Никс просунула руку ему под ремень и обхватила его набухшую плоть. По-прежнему в плену разделенного на двоих вожделения, прочно опутанный прядями обуздывающего напева, он содрогнулся от этого ее прикосновения.

Уже не в силах сдерживаться, Даал всем своим весом навалился на нее, на то, что она сжимала в руке, но продолжал падать, все глубже погружаясь в этот темный ненасытный колодец у нее внутри, голод которого лихорадочно разгорался еще пуще. С каждым рывком ее руки, с каждым неудержимым толчком его бедер сила все быстрей вытекала из него.

Он все силился удержать в себе эту силу, перекрыть этот поток.

Но тут с очередным движением ее руки все зашло слишком уж далеко.

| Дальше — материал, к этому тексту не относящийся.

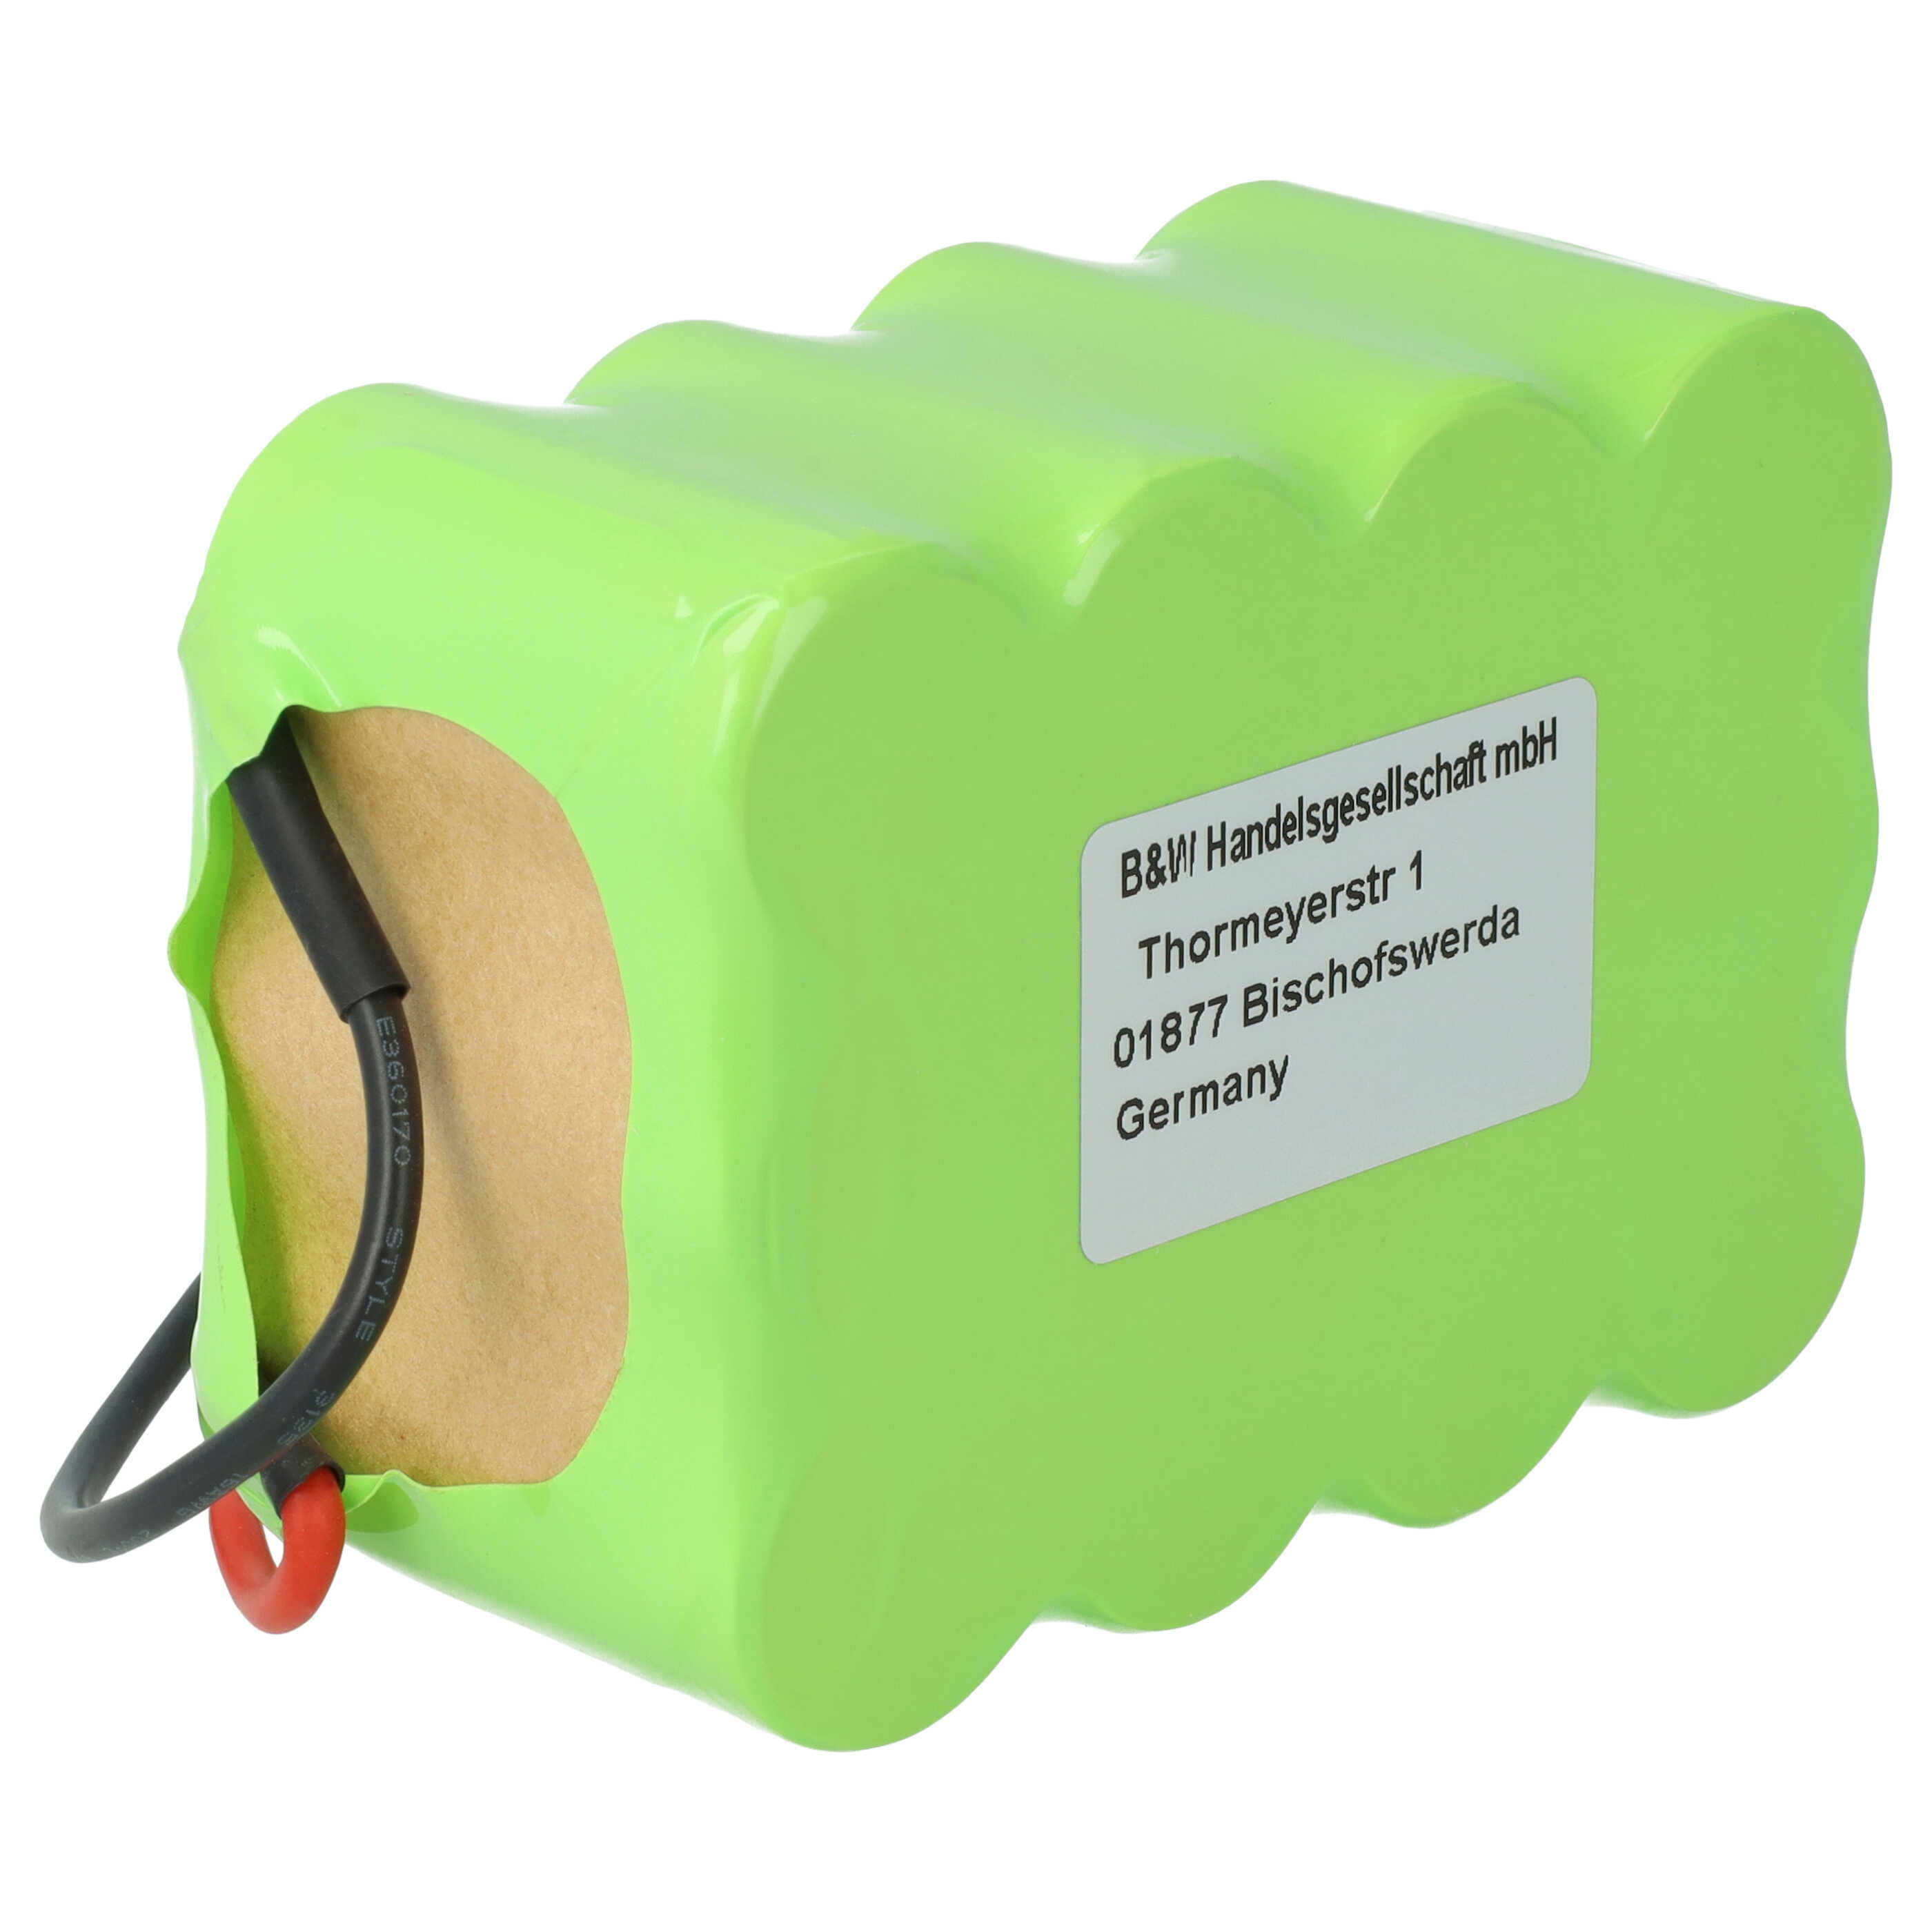 Akumulator do odkurzacza zamiennik Bosch FD8901, GP180SCHSV12Y2H, 00751992 - 2500 mAh 14,4 V NiMH

Даал вскрикнул, извергнувшись. И это извержение полностью опустошило его, выплеснувшись между ними и прорвав эту плотину у него внутри. Он беспомощной куклой стремительно полетел в глубины ее колодца, увлекаемый потоком собственной энергии и уже не способный хоть как-то этому помешать. И все-таки даже тогда чувствовал все то же самое, что и Никс. В этот момент у нее перехватило дыхание точно так же, как у него, как будто это произошло с ней самой. Через ее чувства Даал ощутил, как сила стремительно переполняет ее.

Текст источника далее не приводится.